Mini saro'invornito io..ma perche'dovete dissertare su disgrazie??se la famiglia e'normale,con principi ben saldi,e buon livello socio culturale,i figli saranno professionisti...logico che se la famiglia e'di basso livello e ceto,quindi sottoculturata e povera,i figli potranno essere spacciatori,escort,ladri,drogati..etc....per finire dentro.


----------



## Joey Blow (29 Maggio 2013)

lothar57 ha detto:


> Mini saro'invornito io..ma perche'dovete dissertare su disgrazie??se la famiglia e'normale,con principi ben saldi,e buon livello socio culturale,i figli saranno professionisti...logico che se la famiglia e'di basso livello e ceto,quindi sottoculturata e povera,i figli potranno essere spacciatori,escort,ladri,drogati..etc....per finire dentro.


AHAHAHAHAHAHAHHAHAHAHAHAHHAHAHAHAHAHHAHAHAHAHHAHAHAHAHHAHAHAHAHHAHAHAHAHHAH!!!

BELLO MICIONE!!! GRANDISSIMO!!!

TVTTTTB!!!


----------



## Minerva (29 Maggio 2013)

moana pozzi non era una prostituta e ai più stava parecchio simpatica .per me era un'anima arida , certamente non perché faceva porno ma per quello che esprimeva quando parlava con disprezzo della vecchiaia , come se la vita finisse con la perdita della bellezza ma soprattutto per aver rinnegato un figlio facendolo passare per fratello consegnandolo alla madre.
meglio una prostituta in effetti


----------



## Lui (29 Maggio 2013)

lothar57 ha detto:


> se la famiglia e'normale,con principi ben saldi,e buon livello socio culturale,i figli saranno professionisti...logico che se la famiglia e'di basso livello e ceto,quindi sottoculturata e povera,i figli potranno essere spacciatori,escort,ladri,drogati..etc....per finire dentro.


non ho parole.


----------



## Lui (29 Maggio 2013)

Minerva ha detto:


> ma soprattutto per aver rinnegato un figlio facendolo passare per fratello consegnandolo alla madre.
> meglio una prostituta in effetti


mi sembra un pò azzardato come giudizio.


----------



## free (29 Maggio 2013)

Tebe ha detto:


> No no...serve.
> Come cura continuativa per un certo periodo e per alcune malattie. Man la prende. Ma non certo l'asprina effervescente...
> 
> Comunque* fai la prova.*
> ...



...muoro?

cattiva!:rotfl:


----------



## free (29 Maggio 2013)

Minerva ha detto:


> intanto se il paragone è con eroinomani e spacciatori mi pare che sia chiaro che anche per te no stiamo parlando di normalità.non so...penso che forse preferisco una prostituta ad un'assassina...
> più che altro se avessi una figlia che ha deciso di vendersi mi chiederei in cosa ho sbagliato, dove ho fallito per non averle fatto arrivare nessuno dei miei valori e stimoli  che la facessero crescere con ben altri obiettivi



ma è una gara?:singleeye:


----------



## Tubarao (29 Maggio 2013)

Non riesco a cogliere il nesso fra decenza morale e porno dive. le ultime fanno davanti a una telecamera quello che molte donne fanno tra le quattro mura di casa loro.
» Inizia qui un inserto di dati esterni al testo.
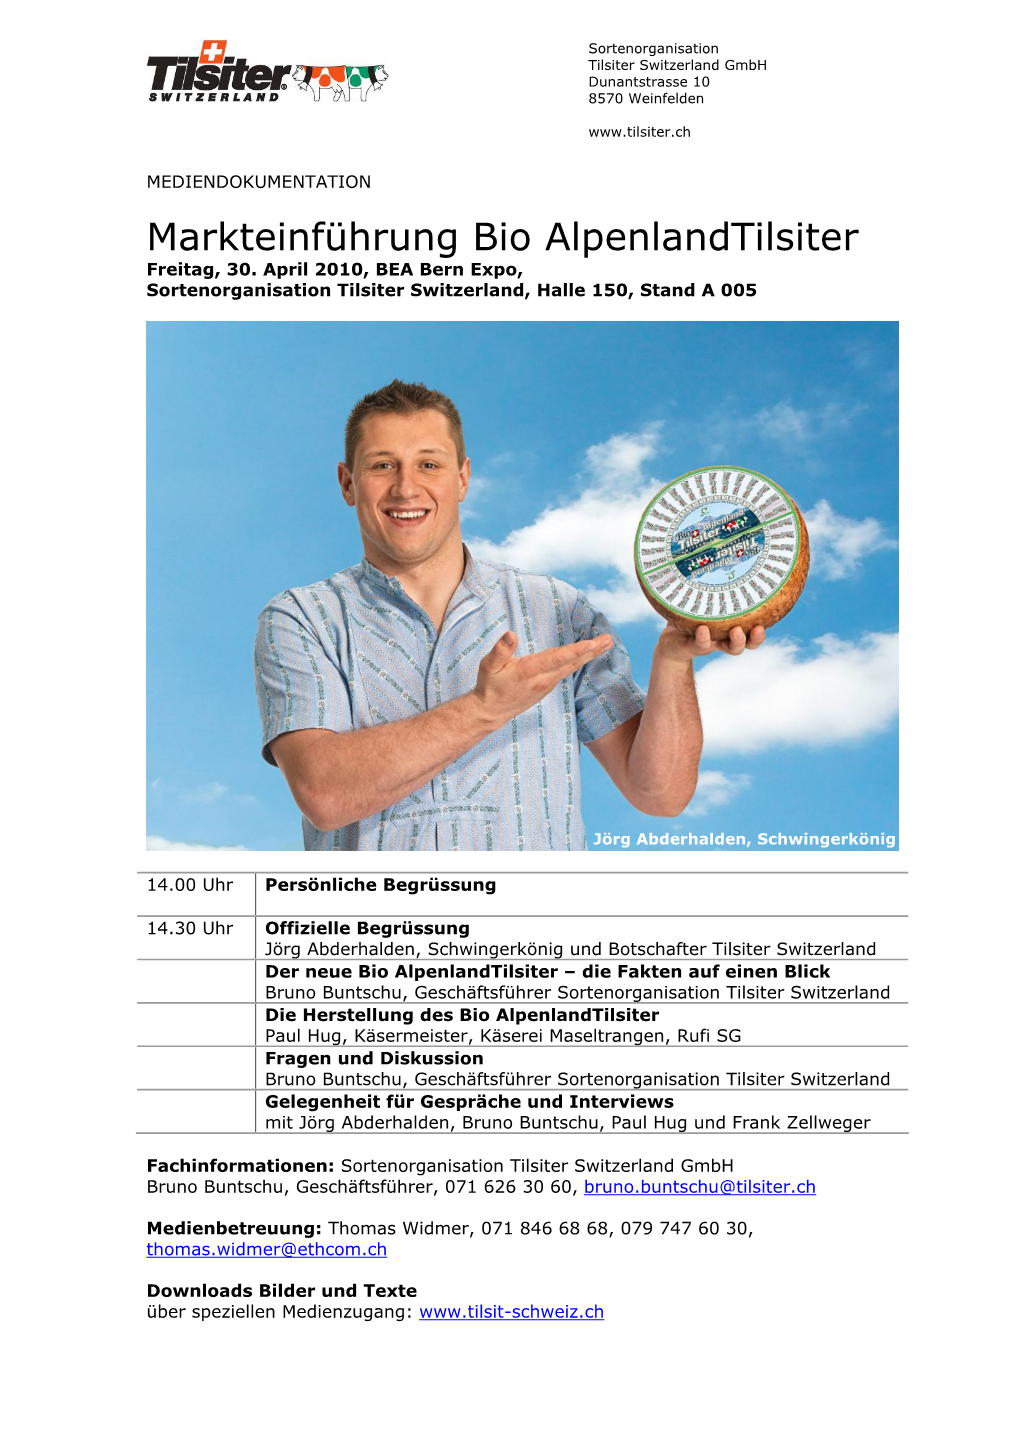 Markteinführung Bio Alpenlandtilsiter Freitag, 30

Perdonatemi, voi che siete genitori per la crudezza delle parole che userò ora, ma non è per offendere ma solo per essere chiaro ( tiPO una pubblicità di Toscani). siete forse convinti che le vostre figlie non faranno mai pompini ai loro mariti o fidanzati ? basta farli davanti a una telecamera per entrare nel mondo della decadenza morale ?


----------



## free (29 Maggio 2013)

Tubarao ha detto:


> Non riesco a cogliere il nesso fra decenza morale e porno dive. le ultime fanno davanti a una telecamera quello che molte donne fanno tra le quattro mura di casa loro. Perdonatemi, voi che siete genitori per la crudezza delle parole che userò ora, ma non è per offendere ma solo per essere chiaro ( tiPO una pubblicità di Toscani). siete forse convinti che le vostre figlie non faranno mai pompini ai loro mariti o fidanzati ? basta farli davanti a una telecamera per entrare nel mondo della decadenza morale ?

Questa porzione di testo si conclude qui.